Sounds like mine. From memory, the "manual" was nigh useless and I may have filed it in the big wickerwork filing cabinet, but I'll have a shufti for you. What IS worth doing is a (I think) a Cosmas Bauer tip, where you take out the spring and sever a couple of coils. I did mine in one coil 'bites' until I had a resistance to plunging that I could live with. The rails on this model are forever shedding their rubber anti-slip/cut-demarking strips. I've tried double sided tape, contact cement, all sorts. Finally gave up on rubber and used d/s tape on 3mm ply. Better, but not prefect; I'm on my third set I think.


----------



## giantbeat (2 Dec 2022)

I bought A tool zone one, scheppach rebrand, and extra tracks from eBay, stuck a good blade in it and it still cost me less than £200, it’s was Bought for the odd diy job when away from my workshop, now it’s one of my most used tools… 

don’t be afraid of a lower priced saw with a good blade and extra track, mines cut 3ks worth of walnut perfectly.


----------



## TomGW (3 Dec 2022)

I bought a Parkside (Lidl) tracksaw, fitted a decent blade and used it for years. Recently I got a Festool TS55 and I can honestly saw that there is no difference in their ability to cut sheets accurately and cleanly. 
The splinter guard strip on the Parkside rails is rubbish and should be replaced with the Makita type strips. Add the longer Excel or Evolution track and you will have an excellent setup for half your budget.


----------



## Silfi (4 Dec 2022)

Hi Keentolearn I have the manual for the PL55 which has a slightly larger blade. What info do you need from the manual?
My saw has exactly the same problems as SammyQ mentioned. It is a good value for money saw which has served me well.


----------



## sams93 (4 Dec 2022)

I Love my Festool TS55 which I picked up for about £140 used on facebook.

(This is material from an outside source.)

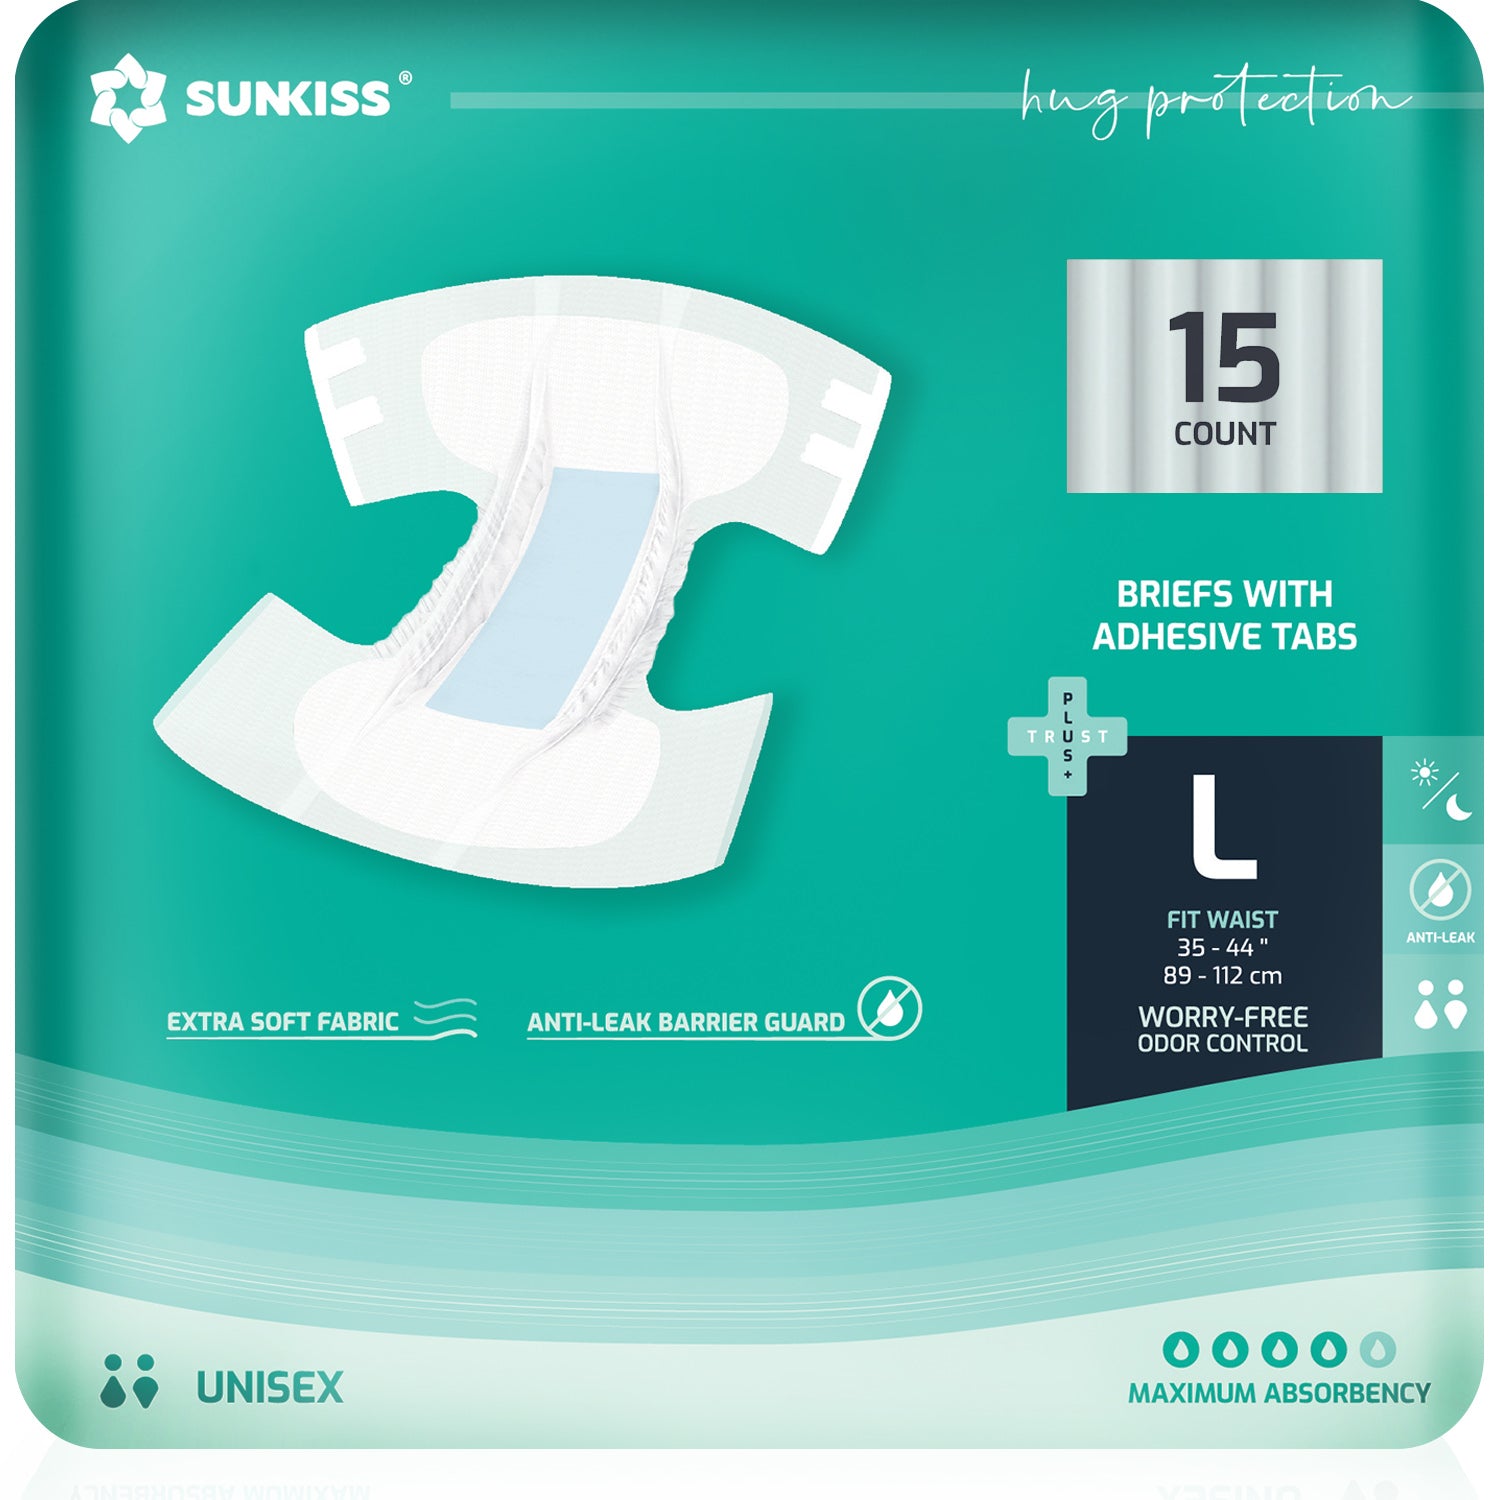 SUNKISS TrustPlus+ Unisex Adult Diapers with Maximum Absorbency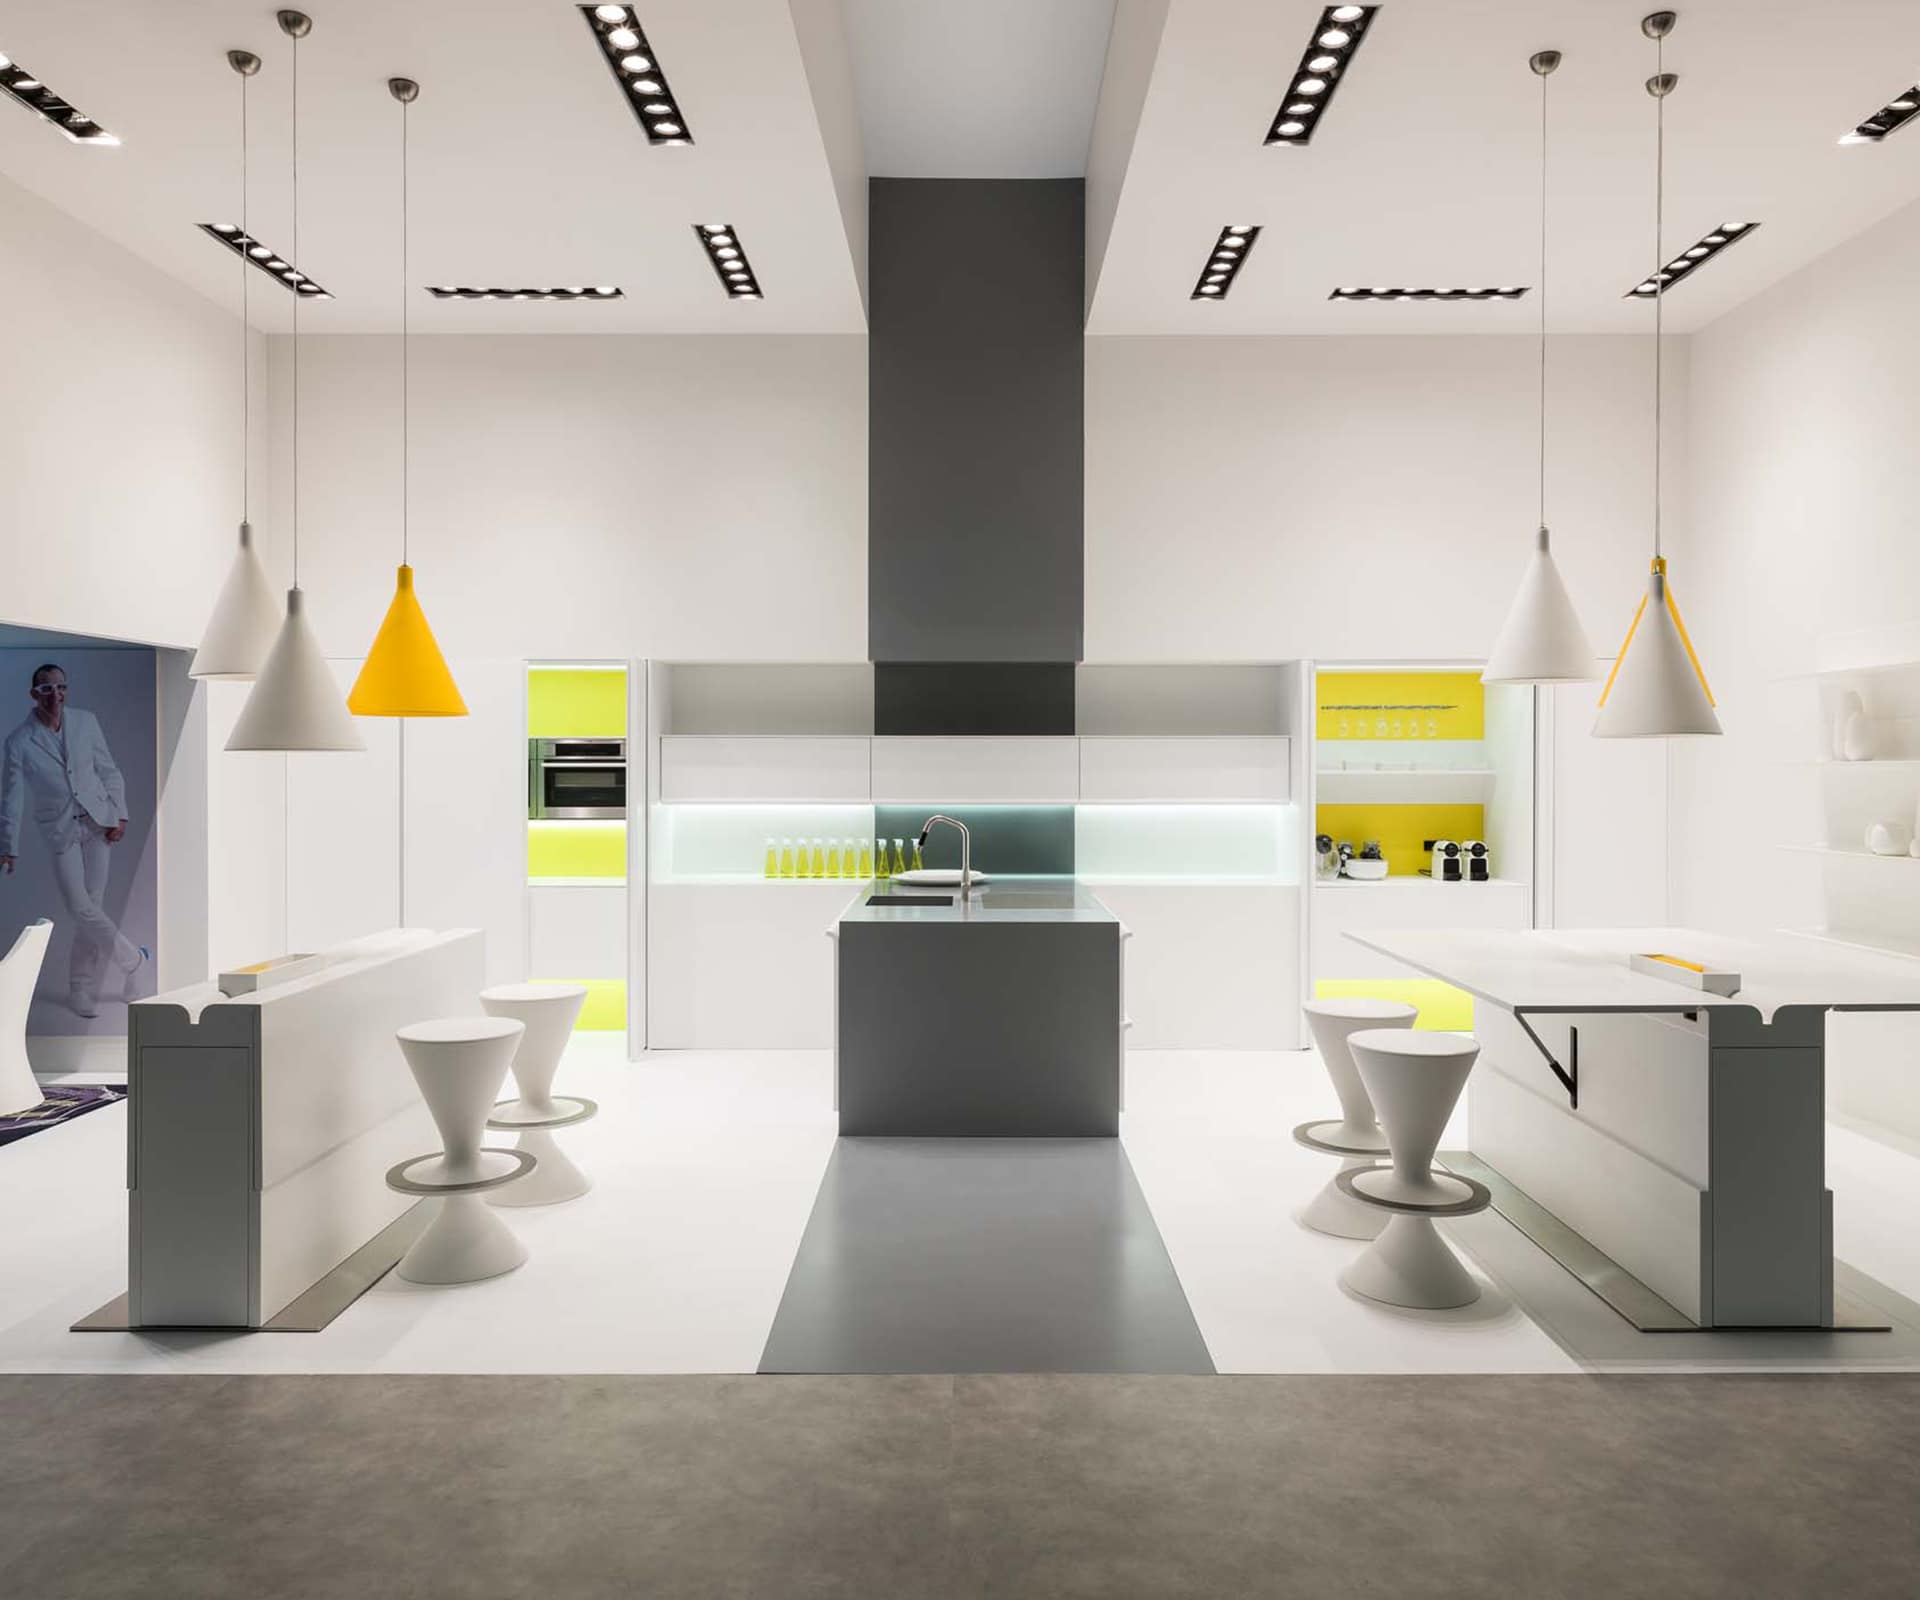 The 'Floo' kitchen by Karim Rashid for Rational in Corian Glacier White, one of the many new designs to be discussed by Nicky Duggan from Evolution of Surfaces on our Kitchen Day.

Built really well so was happy to go for the used approach (i buy 90% of my tools used and just choose well built brands). If you have a look around you can generally find them for the £100-200 mark.

The Excel tracks from tools4trade are much cheaper than the festool ones and are compatible. Peter Millard does a whole video on tracks and compatiability which is worth a watch.


----------